Notes on How to Live Forever is a poetry anthology made up of the words we throw away. It is an exercise in curation, a balancing act between shaping a narrative from the words, and stepping back to let the words tell their own story. With more than 50 contributors and 300 scans of notebook pages, scraps of paper, doodles & mindless scribbles, this project seeks to prove the magic in the mundane, the extraordinary nestled within the ordinary. Simply, the profundity of people. But above that, and perhaps most important of all, it explores the life we give our words and its relevance to our lives, long after we let it leave our minds through our fingers.
From the contributions, themes were extracted, narratives synthesised and condensed. What came out of it was 16 fully-formed pieces of poetry and prose, packaged in a square, children’s book-inspired publication, chosen for its nostalgic, sentimental quality. I adopted an anecdotal and diaristic style and tone for this project and by the end, what came out of it was something unreasoning and visceral, intuitive and vulnerable – an outcome that couldn’t have been better.
There is a particular urgency and earnestness to the things we choose to write down
that can make writing so intimate, even vulnerable. It is because writing reveals the
things we want to remember, even if we don’t realise it ourselves. Our handwriting is
the physical manifestation of our state of mind, and when you know where to look,
you’d see that it’s not just what we write that matters, but how we write it. Whether it’s
a scribble in a margin, mindless doodles on worksheets, subconscious prayers lightly
penciled, even bold confessions written in ink, what we write is bound to leave clues of
exactly how we were feeling at the time of writing.
Clumsy beings that we are, we leave crumbs of our consciousness, traces of
our thoughts, silhouettes of our psyche everywhere – I could alliterate all day but you
get the point. We are brimming with so much poetry and purpose, it’s no surprise at
all that it gets left behind on paper, even when we’re not thinking. While expressing
ourselves through script has always been unconscious, there’s another layer of self and
intimacy present, one that isn’t merely cognitive. It is unreasoning and visceral, some
might even say magical.
When you start viewing words beyond just the ideas they represent, you’ll
notice the beauty of the written word. How your hand falls to the page, the weight of
your lines, your words. They are frozen sounds, a snapshot of your mind. It’s you, on a
page. Living in a world constantly hurtling us from uncertainty to ambiguity, this is the
only way we know to make sense of things. To pluck from the intangible world to make
tangible. It’s more than magic, you see. It’s alchemy.

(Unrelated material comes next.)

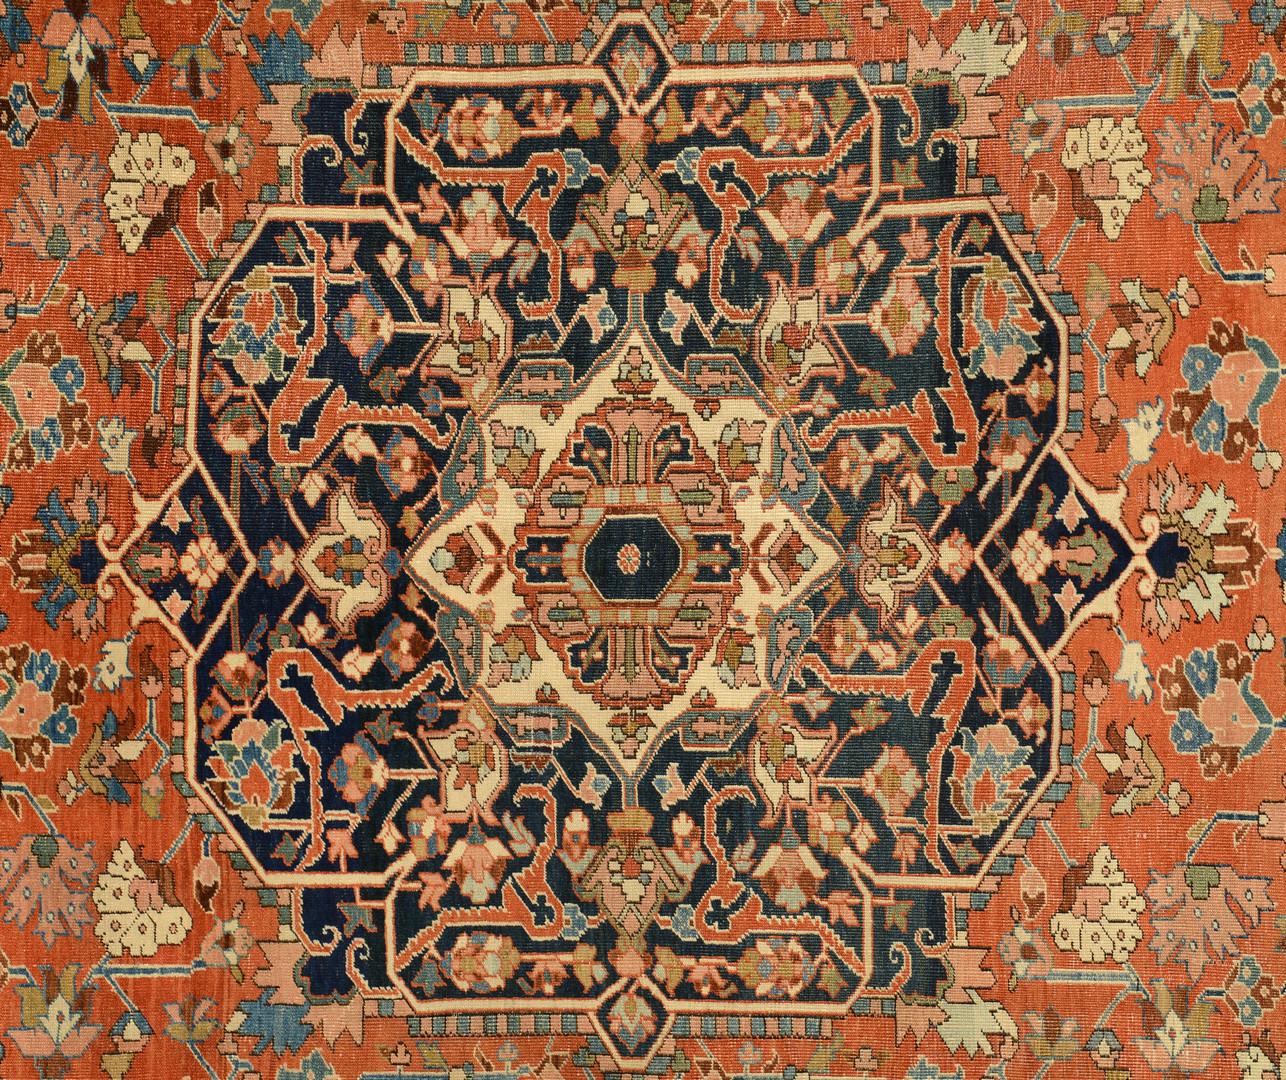 Lot 817: Persian Heriz Carpet, 12.6 x 8.3

When we write, we immortalise ourselves. That piece of us lives on forever,
preserved in pristine condition, long after we are gone. Writing, etch-making – whatever
you call it – is the most primitive form of human documentation. It’s how humans
leave a mark, fiercely proving our existence despite it all. With over 50 contributors and
300 scans of notes, doodles and scribbles, Notes on How to Live Forever mines poetry
out of the words we throw away, proving the magic in the mundane. But above that,
perhaps most important of all, it explores the life we give our words and its relevance to
our lives, long after we let it leave our minds through our fingers.
So, how does one live forever? Well, I’d say they need only write.